We had a nice server who spoke English and explained the dishes, but we often had to wait because she was the only person working the entire room. (Again, it was a small room with maybe five tables on the first floor, but with one server it can create some wait.) And even though our reservation was for only 30 minutes after the restaurant opened, the kitchen was already out of a few ingredients as our server explained how certain dishes from the tasting menu had to be substituted.

A replacement dish of cuttlefish and deconstructed pesto

For example, a 24-hour sous vide jamon pork pancetta with grilled octopus was not available for our dinner. Instead, we got a plate of cuttlefish with deconstructed pesto. While it was a delicate dish with nice pesto flavor, it seemed to pale to even the description of the 24-hour sous vide pork pancetta.

While the dinner started off creatively with the tapas, it progressed to the point where most of the dishes started taking on the same savory brown flavor. From the shitake mushroom broth with spider crab ravioli to the black turnip with veal bone marrow, they all seemed to have that brown gravy flavor, even starting to all look the same with the familiar brown gravy touches on the plate.

The dessert courses had interesting touches of Spanish flavor, from the guacamole ice cream to the roasted tomato tiles, but they again didn’t seem to stand out in either flavor or presentation. In fact, many of the plates didn’t seem to showcase the ingredients as refined or cleverly as I’ve seen in previous gastronomical dinners in Spain.

Gelonch is a nice getaway from the tourist scene, bringing you to a neighborly spot for a tasting meal that’s commendable and ambitious but rarely ends with amazement.

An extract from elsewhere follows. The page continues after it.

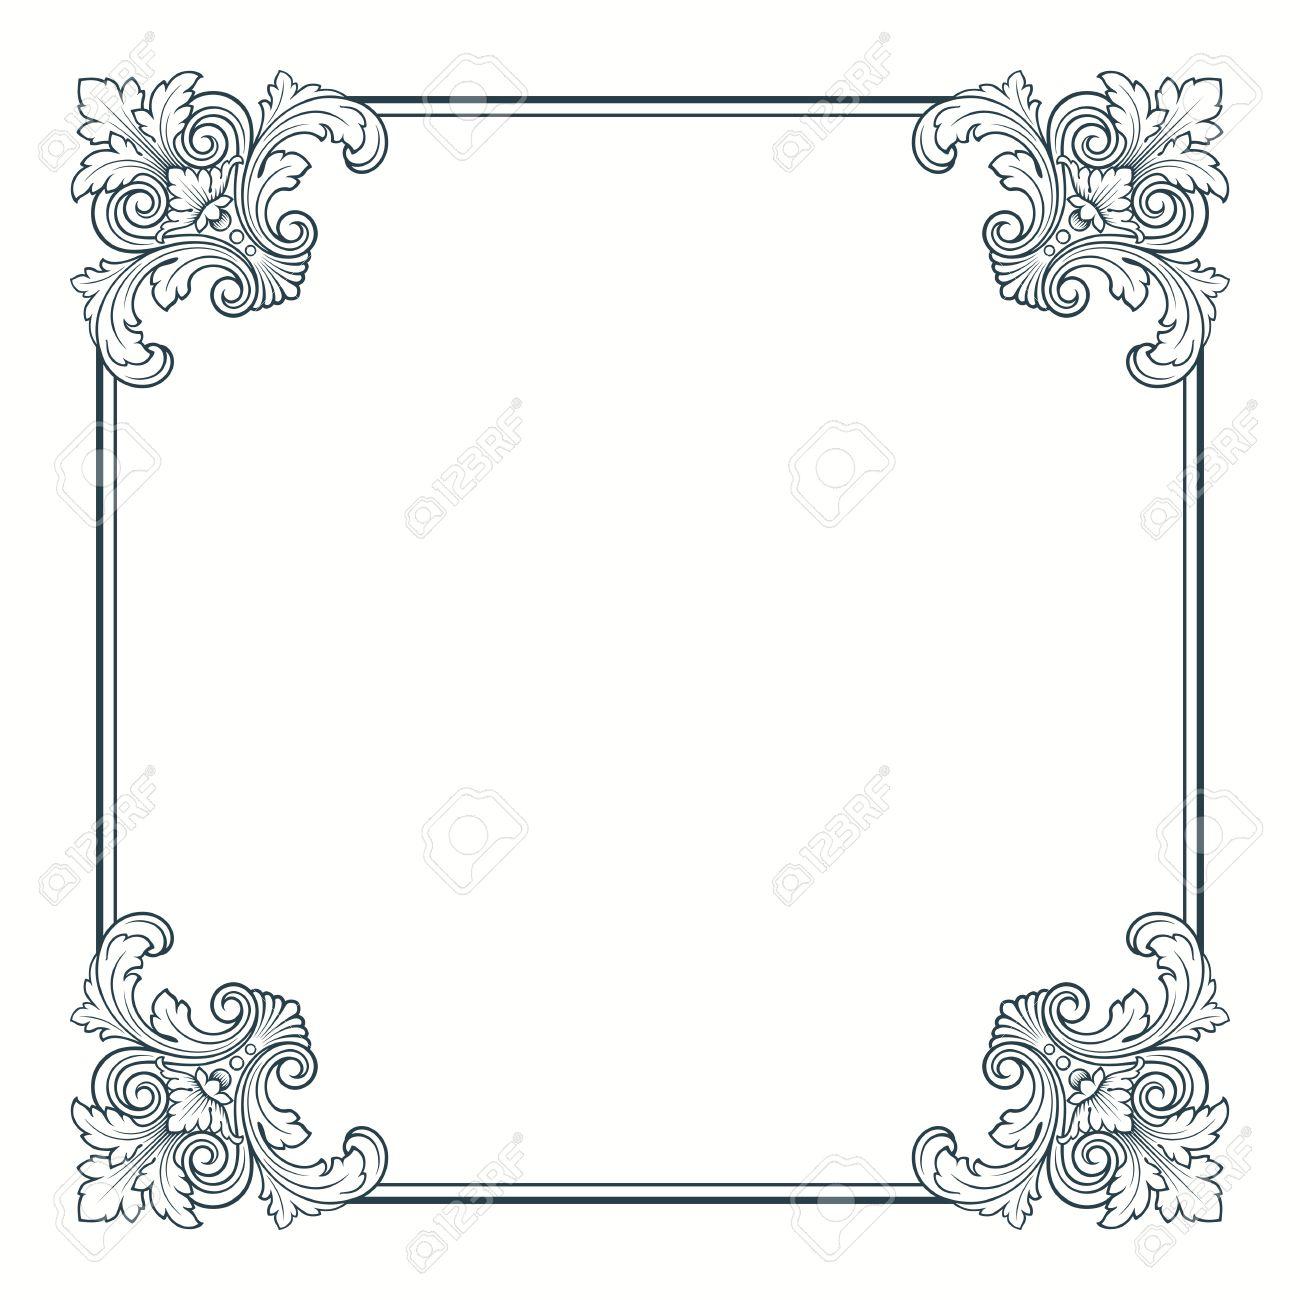 calligraphic ornate vintage frame border decorative design - 13708471
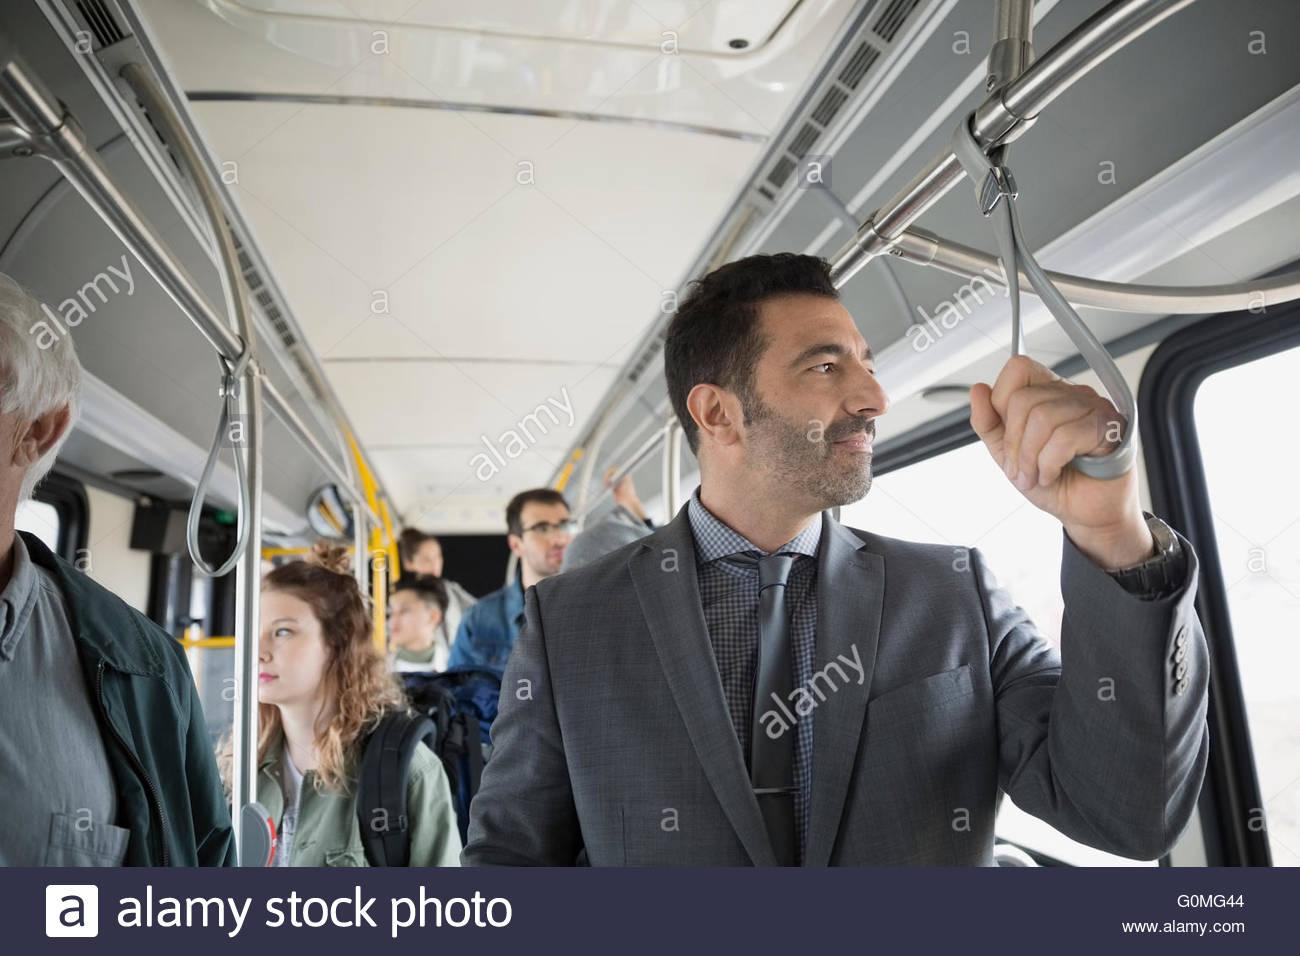 Businessman standing riding bus - Stock Image

Rating: 2.5 out of 4 camera snaps

 

 

Gelonch, c/Bailen, 56, Barcelona. PH: (34) 93.265.82.98. Open Mon.–Sat., dinner from 8–10:30 p.m. Reservations, major credit cards accepted. www.gelonch.es

Black onion cake with sweet onion foam and fried onions

Miniature razor clams with sweet ginger and mango

My favorite dish of mini duck maigret burrito with silver leaf

Carrot-orange nitroglycerin “popcorn”

Shitake mushroom broth with spider crab ravioli and iberian ham

Funky lights above our table

Grilled red prawns with pisco, cabbage and hibiscus (top) and the small Gelonch dining room

Black turnip with veal bone marrow, turnip foam, egg yolk and black truffle shavings

Beetroot gnochi with veal sweetbreads

“Secret Iberico” cooked sous vide for 36 hours

Assorted cheese plate with honey crisp and coffee crumbles

Final dessert plates: Aubergine sorbet with guacamole ice cream (top) and pistachio ice cream with lemon custard and roasted tomato tiles (bottom)

3 Responses to Molecular Gastronomy that Shines in the Tapas

  1. martin says:

    wow this look fantastic, do you know how many stars this restaurant have in the Michelin Guide, it must be highly rated! these tapas seems very tasty, I want to try this !!

    • Ben Ben says:

      I don’t think it’s received a Michelin star, but my guess is it probably will in a year’s time. It’s service and food is on par with other one star restaurants. I did go to El Club Allard in Madrid, which is one star, and it is superior to Gelonch. So now that I think about it, it might not get a star since El Club Allard only has one and it was pretty stellar.

  2. Sandy says:

    Oh my… what a meal of innovation and experiments done right! The black onion cake and carrot-orange popcorn look amazing! Also– I love how that duck burrito has a bit of silver leaf (like the foil from street burritos!).